The manifesto was denounced by Labour rightwinger Gerald Kaufman MP as "the longest suicide note in history" and it came under severe attack from traitorous breakaway Labour rightwingers who contested the election in alliance with the Liberals as the Social Democratic Party - led by "gang of four" defectors Roy Jenkins, Shirley Williams, David Owen and William Rodgers. In the event, Labour received 8,456,934 votes, 27.6 per cent of the total, and held 209 seats. The Tories under Thatcher won 42.4 per cent and 397 seats, while the Liberal/SDP Alliance gained 25.4 per cent and just 23 seats.
Foot was born in Plymouth on July 23 1913 into a prominent Liberal Party family. His father Isaac was a solicitor and a Methodist who was a Liberal MP for 23 years. One of his brothers, Hugh (Lord Caradon), was the father of the late left-wing journalist Paul Foot. Michael studied philosophy, politics and economics at Wadham College, Oxford, where he was an active Liberal. He joined the Labour Party in Liverpool in 1934, when he was working as a shipping clerk following graduation from Oxford. After standing unsuccessfully as Labour candidate for Monmouth in the 1935 election, he set his sights on a career in journalism. During the second world war, Foot worked tirelessly alongside prominent Communist Party members in the campaign to open a second front against the nazi war machine, which was ravaging the Soviet Union. He developed a long-standing friendship with Communist Party general secretary Harry Pollitt after they took the platform together at vast rallies demanding aid to Russia.
Foot was introduced by Aneurin Bevan to wealthy Tory press magnate Lord Beaverbrook, who accepted Foot into his trendy social circle and gave him a job on the London Evening Standard, promoting him to editor in 1942 at the age of 28. He left the Evening Standard and joined the Labour-supporting Daily Herald in 1945, where he wrote as a political columnist for 20 years. He served as editor of Tribune from 1948 to 1952 and again from 1955 to 1960. He was elected Labour MP for Plymouth Devonport in 1945, but lost his seat in 1955. He returned to Parliament as MP for Ebbw Vale in 1960 following a by-election in the seat left vacant by the death of his great friend and mentor Aneurin Bevan. Foot addressed a Morning Star birthday rally in London's Festival Hall in March 1969. He made an impassioned plea for the tearing down of sectarian barriers between one section of the labour movement and another. In his speech, he praised the late Harry Pollitt as "a person with whom you could have deep and bitter arguments, and yet you could remain comrades with him at the same time."
Summing up his late 1960s view of socialism, Foot told the Star rally: "In my opinion, Marxism is a great creed of human liberation. It is the creed which says that when all other empires fade and vanish, our business is to enlarge the empire of the human mind." He added: "But if we are to do that we must let people speak freely, we must recover the ideas of socialist freedom." Foot accepted the offer of a Cabinet post from Harold Wilson in 1974 after Labour was returned to office.

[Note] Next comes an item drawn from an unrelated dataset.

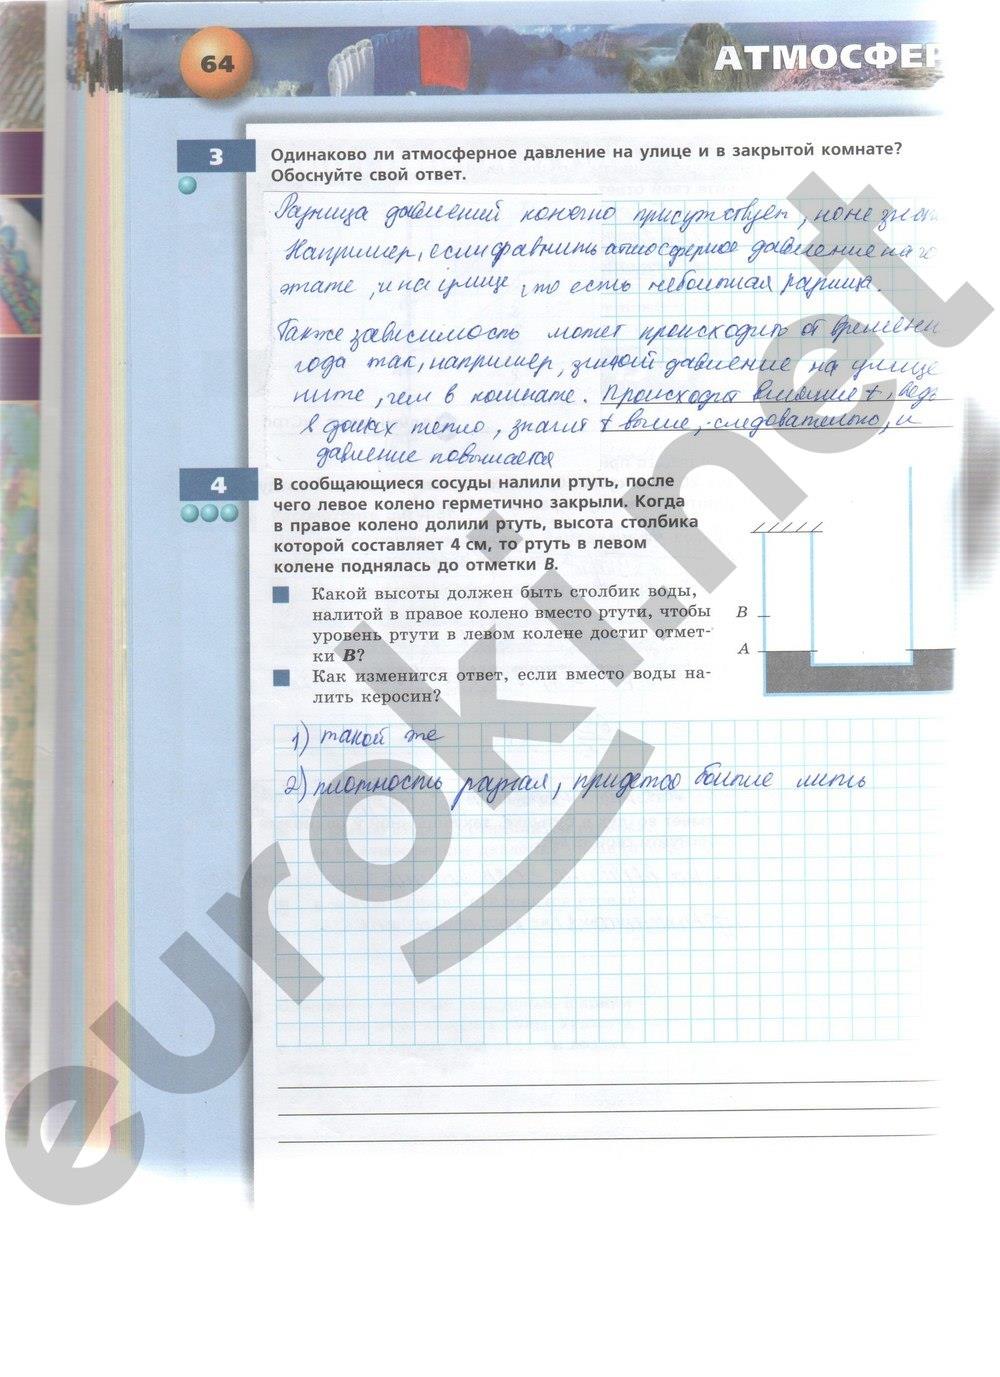 гдз 7 класс тетрадь-тренажер страница 64 физика Артеменков, Белага

He became secretary of state for employment and played a major role in abolishing Tory anti-union legislation but also in promoting the bitterly controversial "social contract" with the unions, which aimed at clamps on wages in return for vague promises from bosses and government. During the 1975 referendum on British membership of the Common Market, Cabinet ministers were allowed by Wilson to express their pro or anti views in public. Foot became a major figure in the No campaign alongside Tony Benn, Barbara Castle and Peter Shore. Foot was elected deputy leader of the Labour Party in October 1976, defeating Shirley Williams by 166 votes to 128.
In the same year, the new prime minister Jim Callaghan appointed Foot as leader of the Commons and Lord President of the Council. This post entailed regular meetings with the Queen at Buckingham Palace and although the usually rather crumpled dresser Foot purchased a new suit for the purpose, he still wore in his lapel his badge of honorary membership of the National Union of Mineworkers when he went to the palace.
Foot was elected leader of the Labour Party in 1980, beating Denis Healey in the second round by 139 votes to 129. He resigned as leader in 1983 shortly after Labour's election debacle, to be succeeded by Neil Kinnock. Foot was a prolific writer throughout his life, publishing around 20 books, including major biographies of Aneurin Bevan, Byron, Jonathan Swift and HG Wells. He produced numerous essays and articles on his many other heroes, including William Hazlitt, Thomas Paine, HN Brailsford and Benjamin Disraeli. Despite his passion for writing, he never managed to produce a major detailed work on socialist theory and practice. Upon his retirement from the Commons, the staunch republican and House of Lords abolitionist Foot turned down all offers of honours or being dispatched to the dreaded Lords.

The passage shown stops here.